# Help with Traynor



## mrmatt1972 (Apr 3, 2008)

Hi, I have a Traynor mark three (aka YGL-3a) that got quiet on me after a New years gig. It still works, but has no volume and no warmth. I changed the tubes and the speakers (sold the speakers) but no change. Also a little hiss is present. My SS 15 watt practice amp is louder and sounds better. I'm no tech (I can barely use a soldering iron) but I'd appreciate any diagnosis this forum can provide.

link to schem etc.: http://www.informatik.uni-bremen.de/~dace/vb/traynor_markiii_ygl3a_all.pdf

matt


----------



## Wild Bill (May 3, 2006)

mrmatt1972 said:


> Hi, I have a Traynor mark three (aka YGL-3a) that got quiet on me after a New years gig.
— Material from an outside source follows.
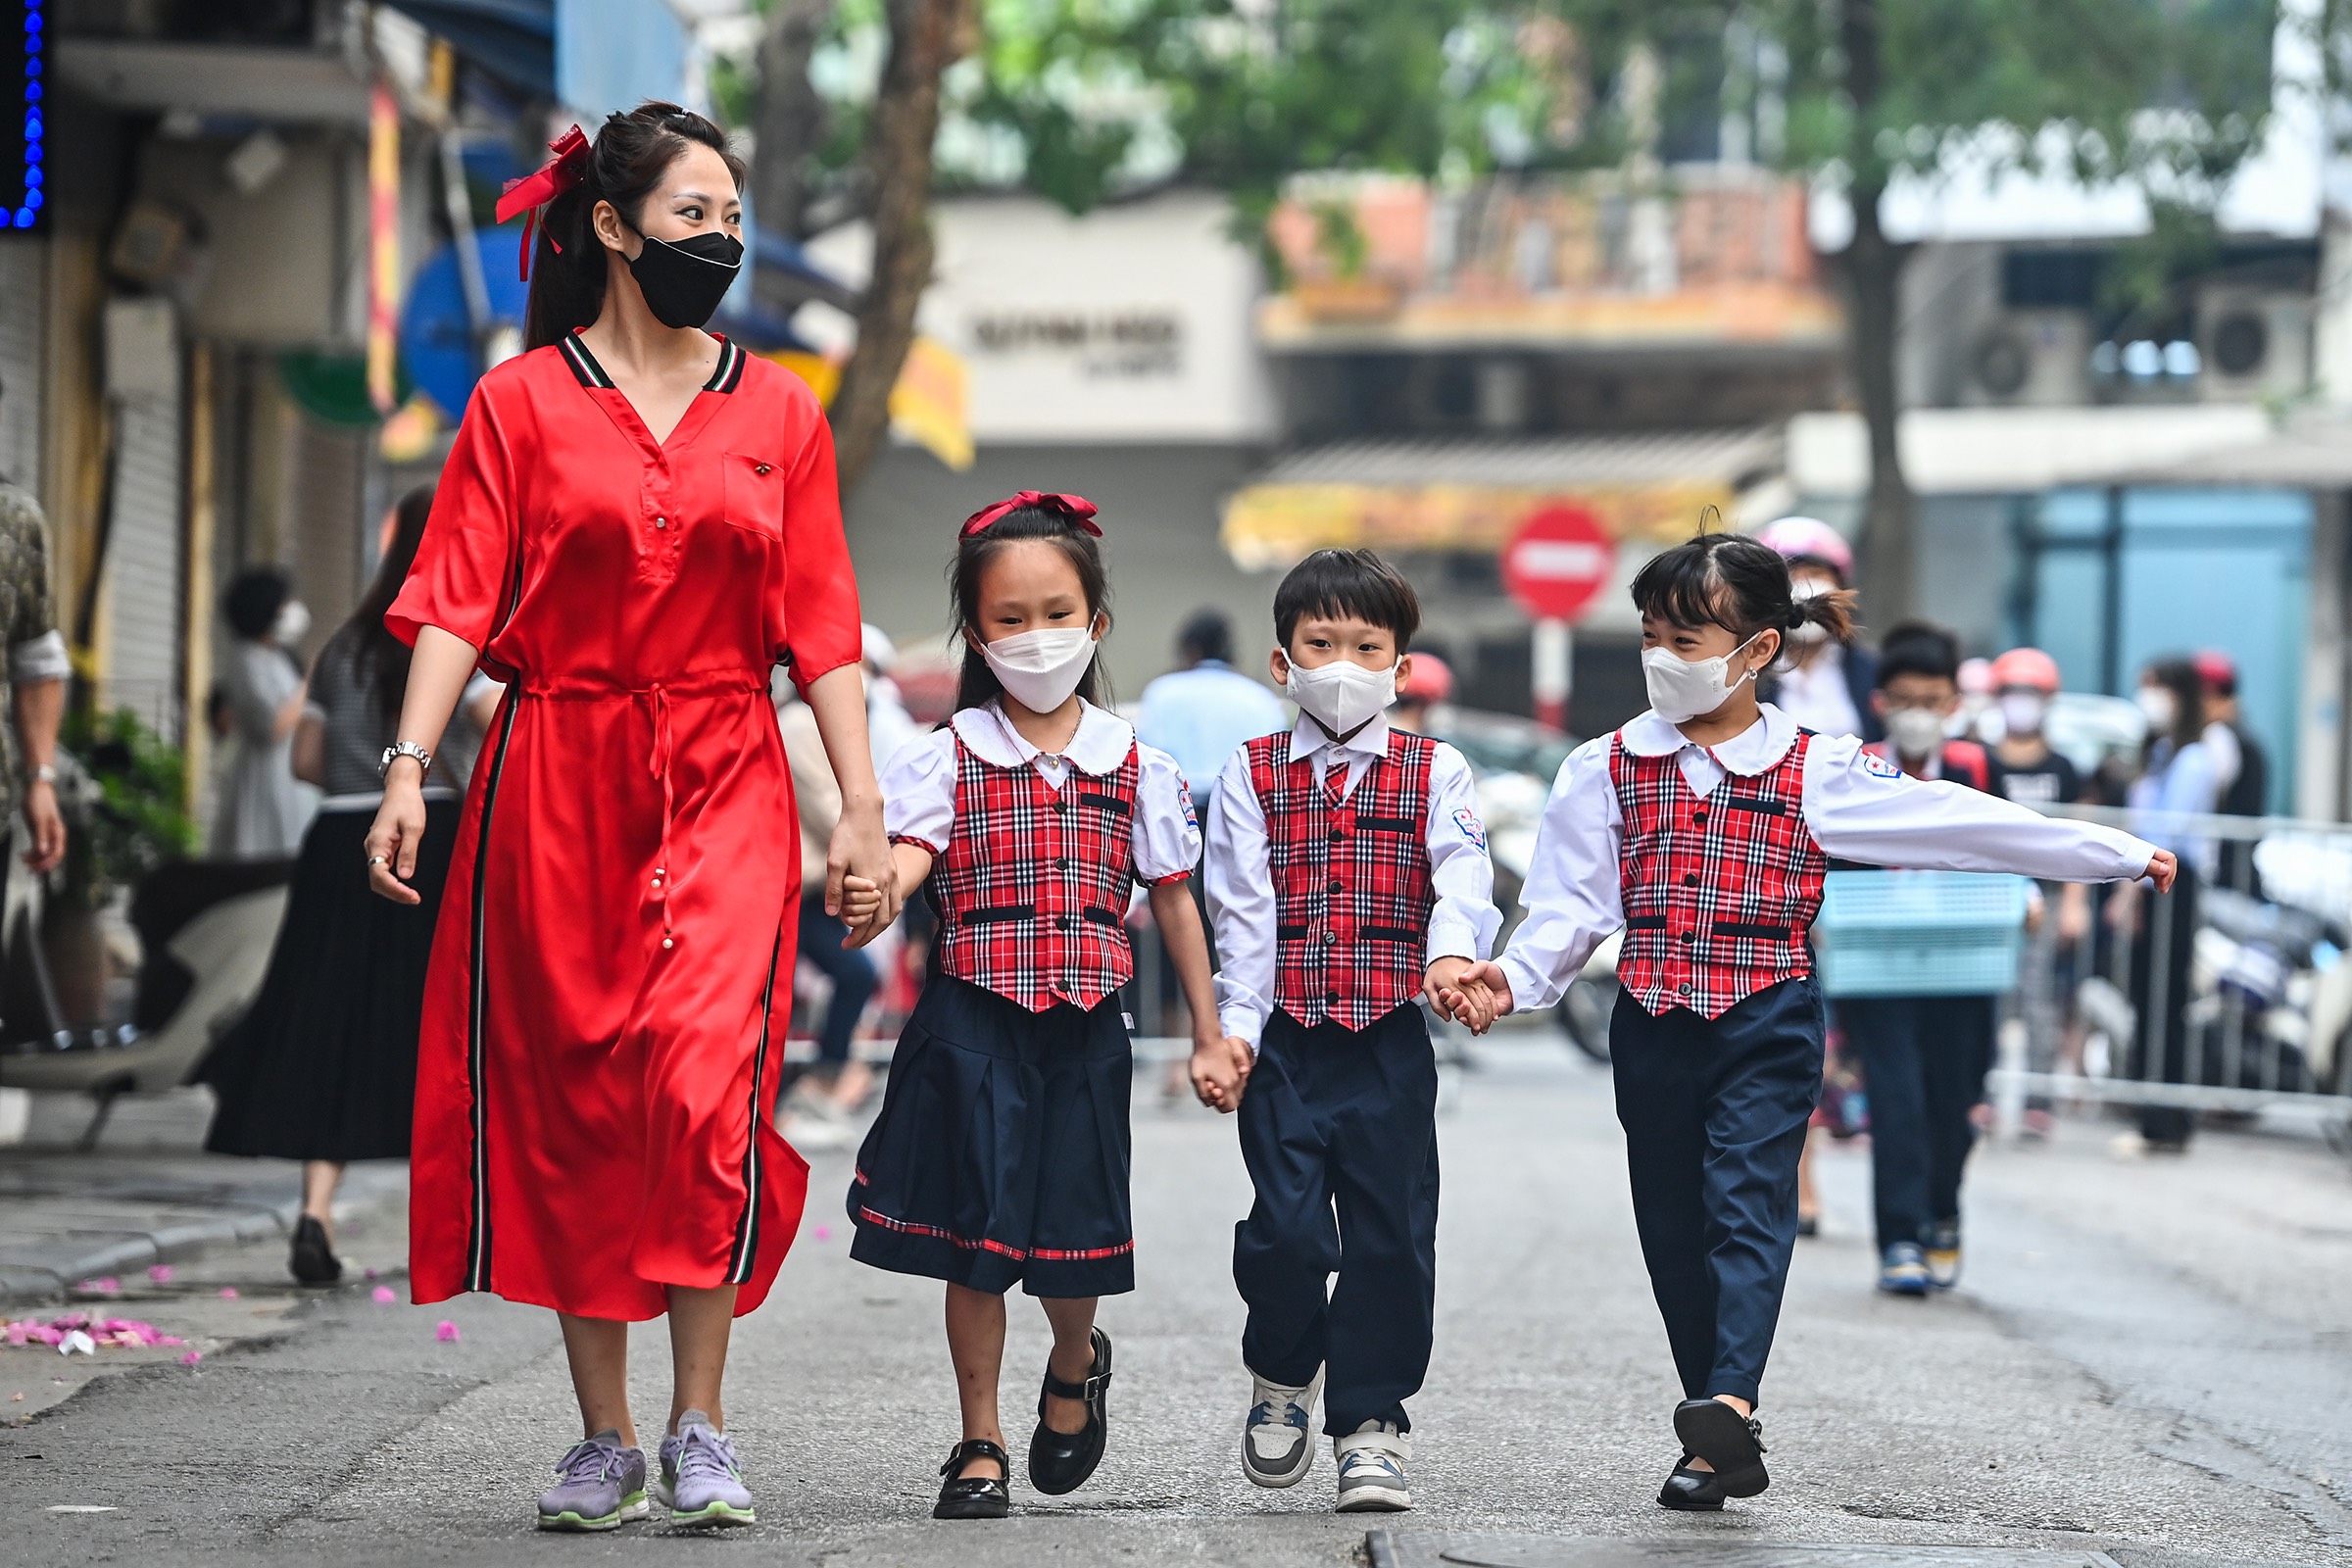 A woman takes three primary grade kids to school in Hanoi, April 6, 2022. Photo by VnExpress/Giang Huy

It still works, but has no volume and no warmth. I changed the tubes and the speakers (sold the speakers) but no change. Also a little hiss is present. My SS 15 watt practice amp is louder and sounds better. I'm no tech (I can barely use a soldering iron) but I'd appreciate any diagnosis this forum can provide.
> 
> link to schem etc.: http://www.informatik.uni-bremen.de/~dace/vb/traynor_markiii_ygl3a_all.pdf
> 
> matt


Well Matt, if it's not a tube it's obviously something wrong in the circuitry. That means it could be anything! There's no way somebody can tell you to just replace one specific capacitor or whatever.

It's like having a car that won't start. You know the battery is good. Nobody can know what's wrong until they lift the hood and start making some tests.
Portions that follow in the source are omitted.